Does anyone thing I cheated? I hope not, because I feel like I was being punished. This morning I heard my mother (Yes, I live with my parents. No, I didn’t always live with them. Yes, I am also horrified and disgusted by this. Yes, I am working on getting out. Target date is August 2011) watching Sunday morning on CBS. I love that show. They were interviewing Bryan Adams. I hearted Bryan in HS. I still do. To make matters worse, they also interviewed Daniel Radcilffe (Harry Potter). I may not have mentioned this but I am a Harry Potter freak. My ringtone on my phone is the theme to Harry Potter. My screensaver is a scene from the movie, etc. I’m so bummed that I missed it.

I’m not twitching nor am I foaming at the mouth. But it could happen. I think it might.

Thursday, March 10, 2011

Givin' up is hard to do: Lent

It’s Lent time again. For those of you who are not Catholic, Lent is the period of time from Ash Wednesday through Easter where each person makes some kind of personal sacrifice. According to the Bible this is the same 40 days and 40 nights where Jesus fasted, and prayed in the desert.

I grew up Catholic. I got baptized, received Holy Communion, Confession and Confirmation. I spent 12 long years being educated in the Catholic school system. So I guess that makes me Catholic. I guess.

Here is the thing, when I go to church I don’t feel much of anything and I think that I should. This has been an issue for me for years now. I believe that religion should provide you will a sense of peace and contentment. I’m also a pretty leftist person. Meaning—I believe in a woman’s right to choose. I believe that Lesbians and Gays have a place in our society and should be treated just like everyone else. I think that priests and nuns should be able to get married, not necessarily to each other, but they deserve companionship that marriage provides. I think that nuns should be able to perform mass. I think that sometimes divorce is necessary. All those beliefs go against what the Church stands for. So how Catholic am I really?

In spite of those feelings, as soon as Lent rolls around, I am compelled to participate. Ashes on Ash Wednesday, no meat Fridays, stations of cross on Good Friday, Easter Sunday mass and giving up something for Lent. Yes my friends, these are the shackles of Catholicism. I also know that no one is making me do this. This is coming from me. So until I am ok with NOT participating, I MUST participate. Yes, I know it’s weird. No, I don’t know why. I say all this because I am looking for something to give up. For years I gave up some favorite food or drink. However, I am doing Weight Watchers and feel like that is hard enough; I don’t think I can give up anything else that has to do food. Shopping? I don’t really shop like that. So no. I’ve been thinking and I narrowed it down to two things. First thing(s) Facebook (I can't figure out how to link to my FB page) and Twitter. Second thing Television.
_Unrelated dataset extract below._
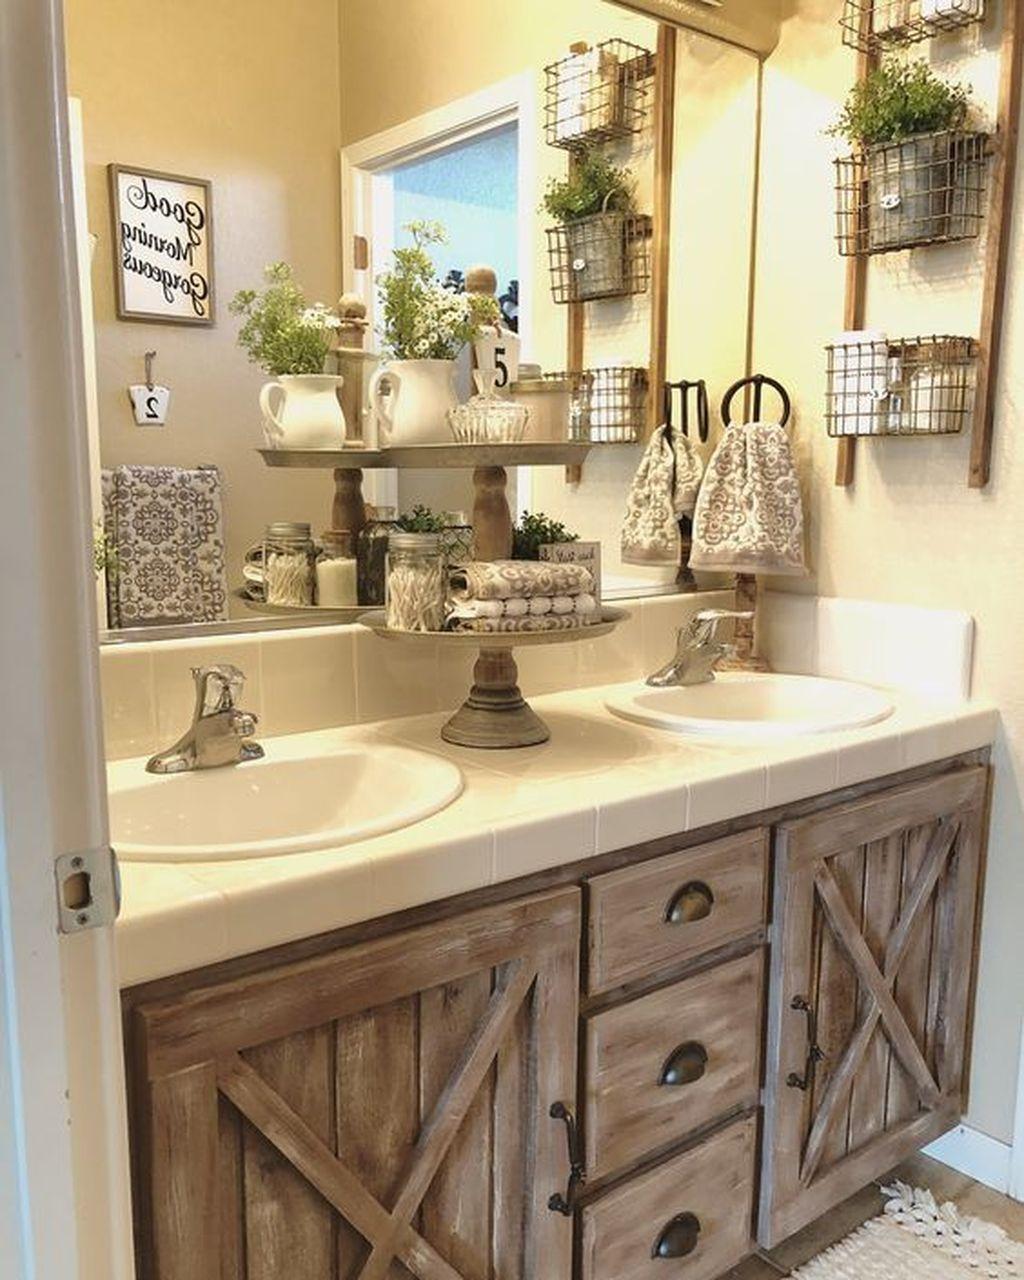 80 Small Farmhouse Bathroom Decor Ideas In 2020 Beautiful Bathroom Decor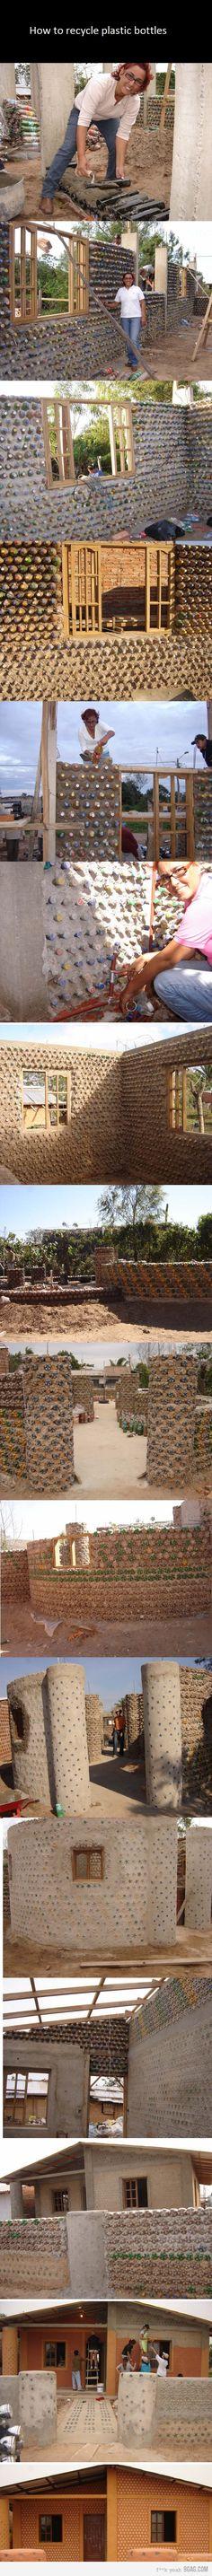 houses, plastic bottles, recycling, garden walls, house building, recycled bottles, buildings, wine bottles, bolivia

Facebook and Twitter: I am very connected to Facebook. VERY. To be clear not "April" the other me. As a matter of fact, if you want to friend me on FB--please. April's FB page is sad!(lessofapril@gmail.com) LOL! The second I have a moment, I am on checking my status and the status of my friends. I make comments. I tee hee and ho ho. I am not nearly as connected to Twitter as I am to FB. Although, I do use Twitter to updates folks about blog updates.

Television: I don’t watch episodic television much anymore. I watch the news. I watch Family Guy every single night. And I watch a hell of a lot of HGTV. Someone once told me that their TV is almost like a light bulb. It’s just on all the time. Mine is like that. Even if I’m not watching. Turns out that Fat bridesmaid (Whose name I just realized I don’t know. I looked for it on her amazing blog and couldn’t find it.) Anyway she has given up Television for Lent, so far so good I think. She keeps on meandering into her her living room to turn the TV on, but she hasn't mentioned twitching or foaming at the mouth so I think she's going to be ok. Her doing it makes me think it's a great idea.

So what to give up? Not sure. But by this Friday I will have decided.

Tuesday, March 8, 2011

Wishin' and Hopin' vs. Satisfaction

Wishin', and hopin', and thinkin', and prayin', Planning and dreamin' each night of his charms. That won't get you into his arms. So if you’re looking for love you can share, all you gotta to is hold him, and kiss him, and love him. And show him that you care. Show him that you care, just for him. Do the things that he likes to do. Wear your hair just for him, 'cause, you won't get him, thinkin' and a prayin', Wishin' and hopin'.'Cause wishin', and hopin', and thinkin', and prayin', Planning and dreamin' his kisses will start. That won't get you into his heart! So if you're thinking how great true love is, all you gotta to is hold him, and kiss him, and squeeze him, and love him. Yeah, just do it! And after you do, you will be his. You gotta show him that you care just for him. Do the things that he likes to do. Wear your hair just for him, 'cause,You won't get him, thinkin' and a prayin', Wishin' and a hopin'.'Cause wishin', and hopin', and thinkin', and prayin', Planning and dreamin' his kisses will start. That won't get you into his heart! So if you're thinking how great true love is! All you gotta to is hold him, and kiss him, and squeeze him, and love him. Yeah, just do it! And after you do, you will be his. You will be his.Ani DiFranco

That is probably the worst song ever. And I know that Ani DiFranco is not the original singer of this song, it was originally recorded in 1964 by Dusty Springfield. (I didn’t just know that---I googled) But Ani, with her unshaved armpits, gives that victim song some street cred. I just was trying to think of song that had to do with wishing and hoping for stuff and that kept popping into my head. Anyway to the topic at hand…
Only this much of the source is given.